Open Thread: Let's Get the Petty Out!
We all know the big problems of the world that are tearing us up. Let's bond over the little ones.
I’ve realized recently that when I see a vent on Threads about, say, the frustration of having to wait for someone to unlock a cabinet in the drugstore just to buy shaving cream, the unanimity of agreement that follows is a relief.
Hundreds or thousands of us agreeing that the Kars 4 Kids jingle makes us want to gouge out our eardrums? More of that, please.
I was making small talk with a woman next to me on the subway the other day. I had no idea what her politics were, who she was supporting in the election, or how she felt about they/them pronouns. But I do know that we both hated the person across from us eating a stinky sandwich and that was enough for us to become unshakeable allies in our unwavering hatred of tuna melts at that particular moment.

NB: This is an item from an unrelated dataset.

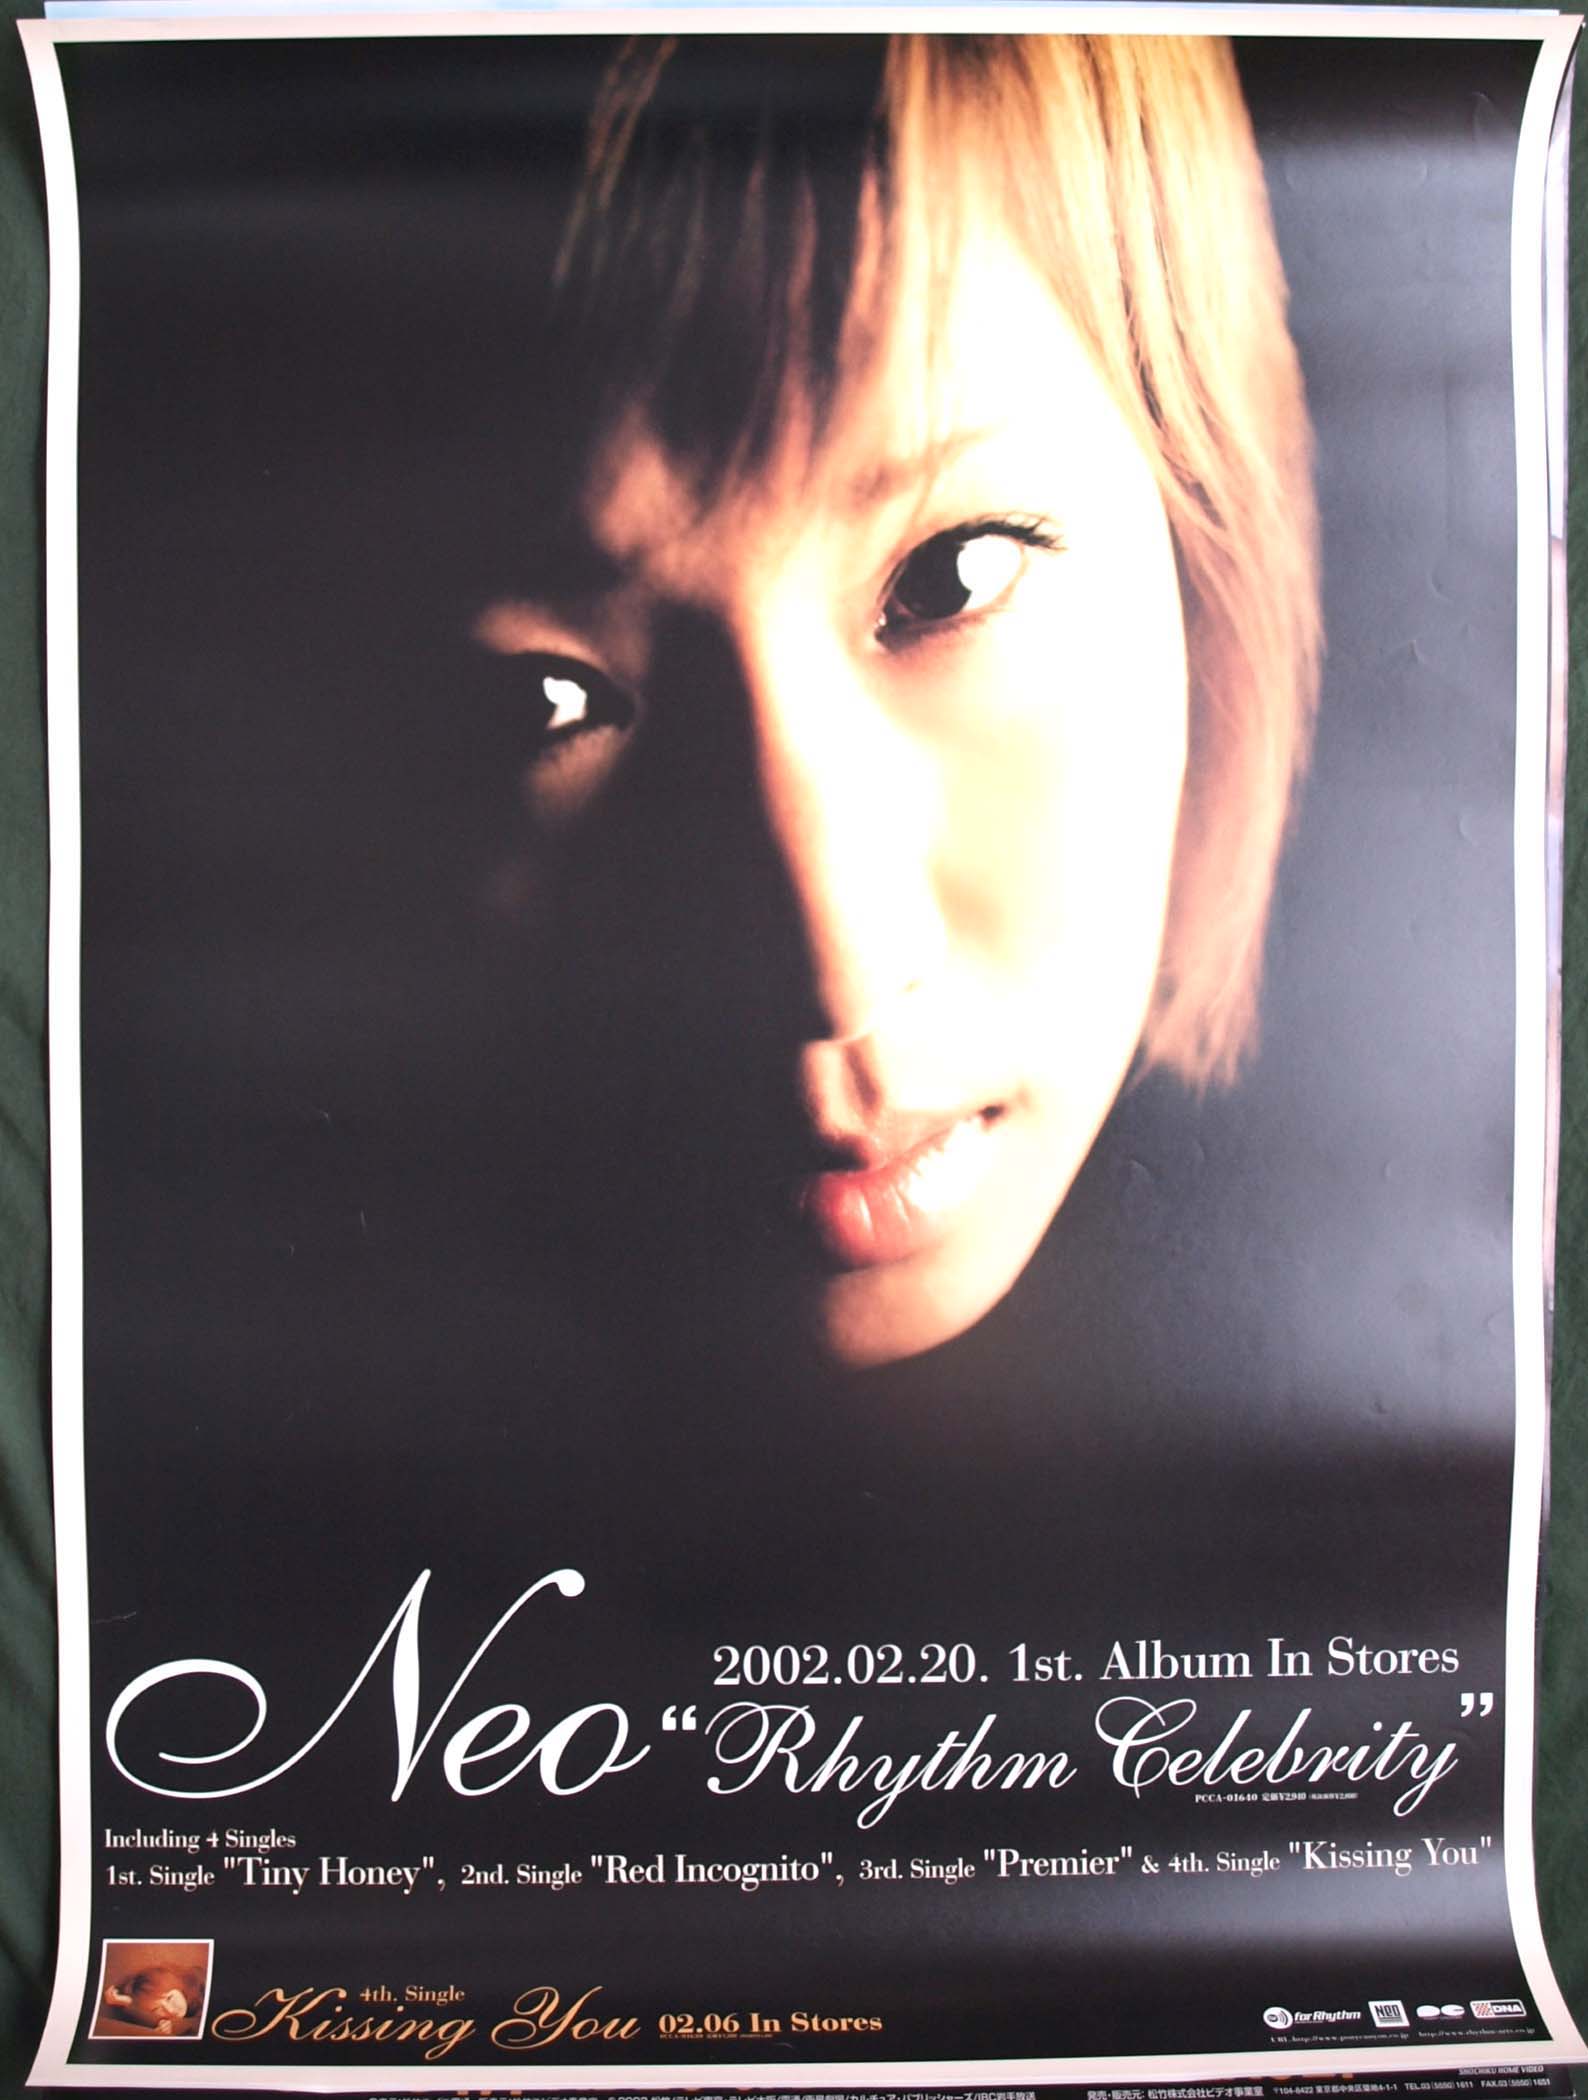 Neo 「Rhythm Celebrity」のポスター

When the world feels as divided and polarized as it does now, I’ve realized I’m finding some necessary relief — elation, even — in small moments where we can all come together and agree on something, no matter how silly or petty.
In fact, the smaller and pettier the better.

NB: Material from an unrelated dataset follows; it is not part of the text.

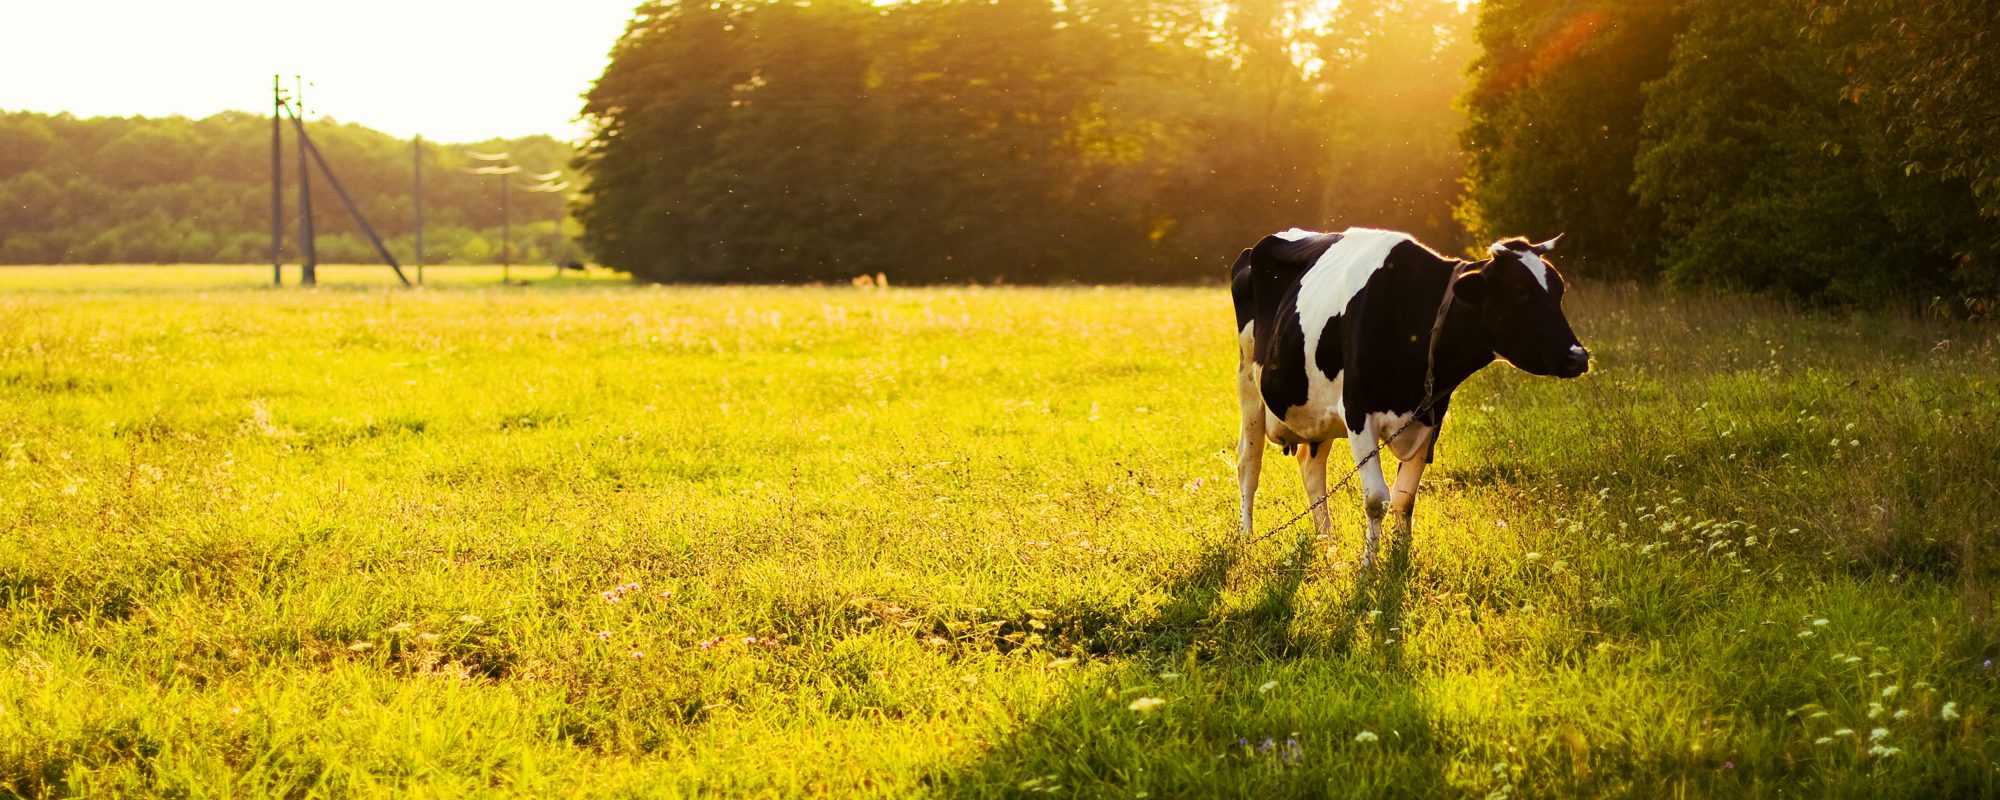 vaca-pastando-prado

People who say “impordant.” Tip jars at self-serve counters. The dumb new lowercase typeface for Instagram hashtags.
PETTY.
What else?
Let’s find the smallest, stupidest pet peeves and petty grievances, let them out, come together, and celebrate our shared loathing of stupid things.
I’ll add some more because really, I have loads of them:
Tourists who stop on the platform like a deer in the headlights right in front of the closing subway doors close and make you miss your train.
The unnecessary addition of the word “of” in the Empire State of Mind lyric: Concrete jungle where dreams are made of.
The need for a minimum of 3 remote controls, including the “universal remote,” to turn on any TV these days.
The cost of razors.
Your turn!
Enough already with pennies. They cost more to make than they’re worth, and no one wants them. Just round the cost of everything up or down to the nearest five cents. It’ll all average out.
Random NYC bonding: crowded left turn from 5th ave onto 8th street. Lots of traffic b/c of a street fair (PETTY ANNOYANCE), some dude in an expensive car was honking and honking and honking into the stand-still line of cars. As the cars finally began to move, the car turned in front of me & the woman next to me; without a word, we both clocked the car's license plate, turned to each other and said in unison "TEXAS." And then walked our separate ways, bolstered by our shared sense of having diagnosed a case of toxic Texas masculinity.